How to use Group By and self-join to return min, max, open, and close daily price restult set?
SOLVED
All hail StackOverlow!
While I was gone, people left 2 solutions (thanks guys--what is the protocol for handing out karma for two working solutions?)
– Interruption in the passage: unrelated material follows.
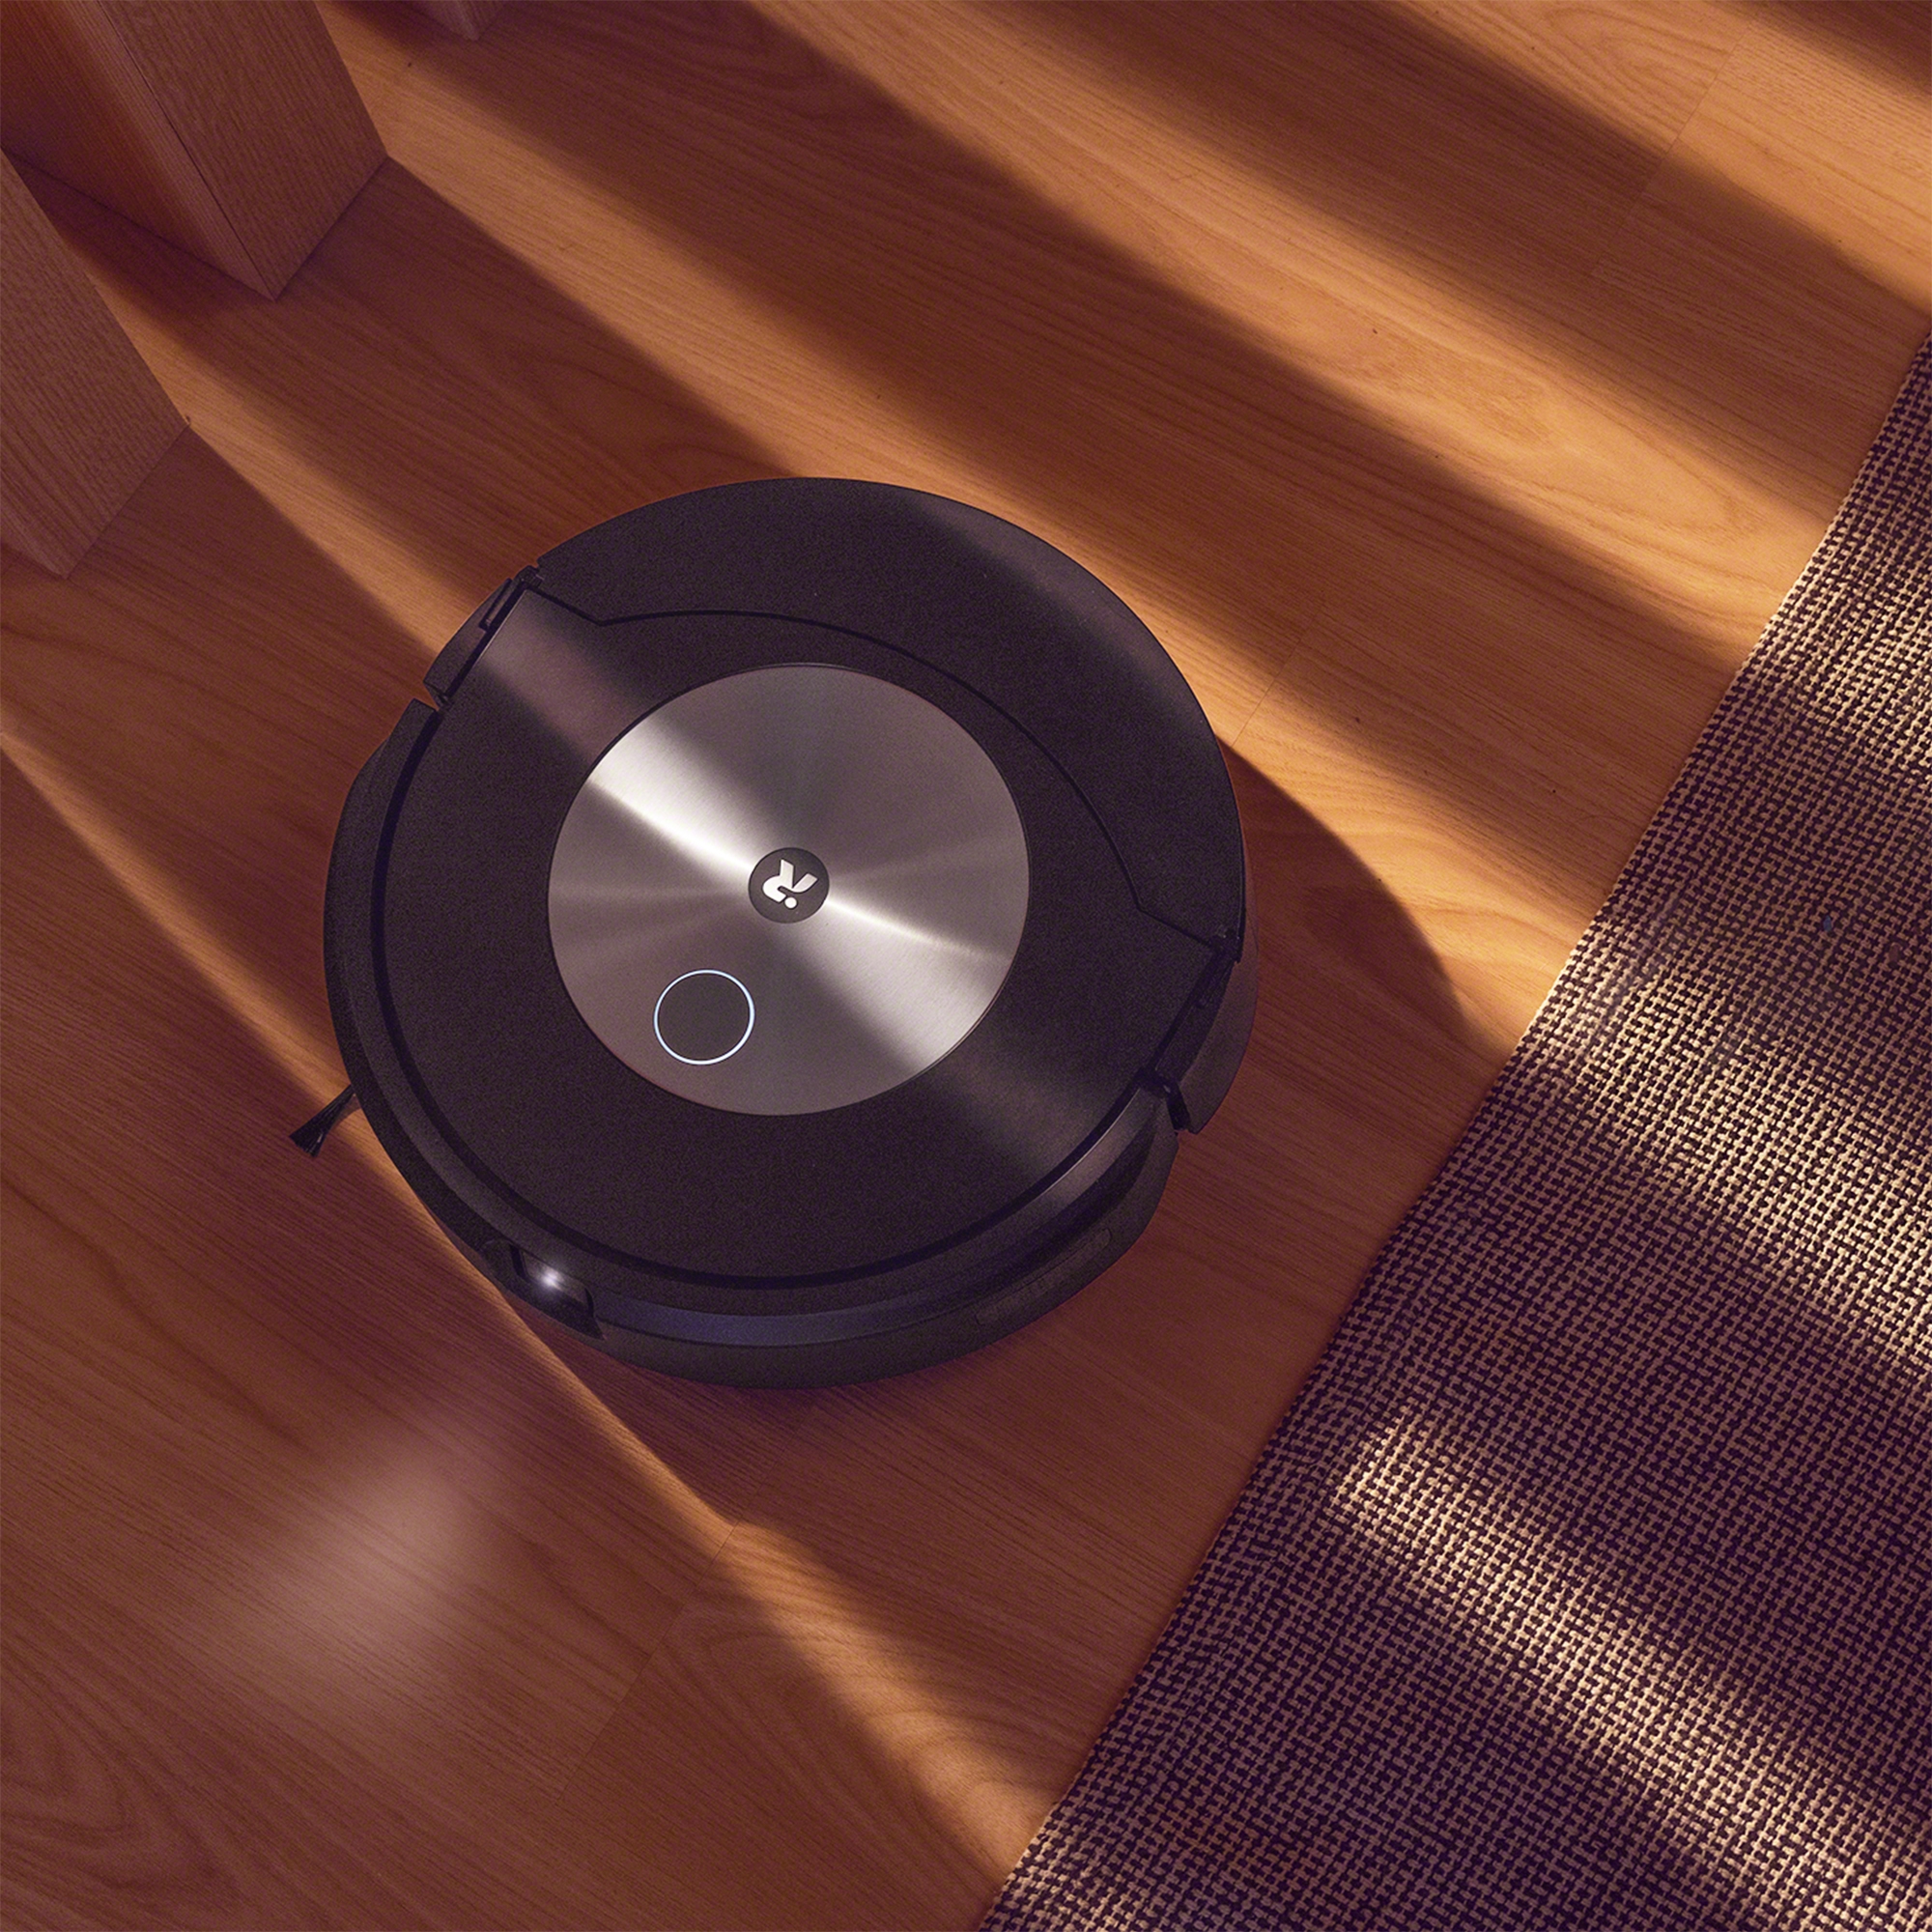 Finally, a Roomba that vacuums and mops thumbnail

Here is the solution that I came back to post. it is derived from yet ANOTHER StackOver solution:
How to fetch the first and last record of a grouped record in a MySQL query with aggregate functions?
...and my adaptation is:
SELECT
DATE_FORMAT(`DTE`, "%m/%d/%Y") AS trading_day,
MIN(`PRICE`) AS min_price,
MAX(`PRICE`) AS max_price,
SUBSTRING_INDEX(
GROUP_CONCAT(
PRICE
ORDER BY DTE ASC
)
, ',', 1 ) AS opn_price,
SUBSTRING_INDEX(
GROUP_CONCAT(
PRICE
ORDER BY DTE DESC
)
, ',', 1 ) AS cls_price
FROM `CHART_DATA`
GROUP BY trading_day
;
The data the "Q" above starts with is the data with which I am trying to end. Hopefully, this helps someone else since I suspect that my log is fairly common.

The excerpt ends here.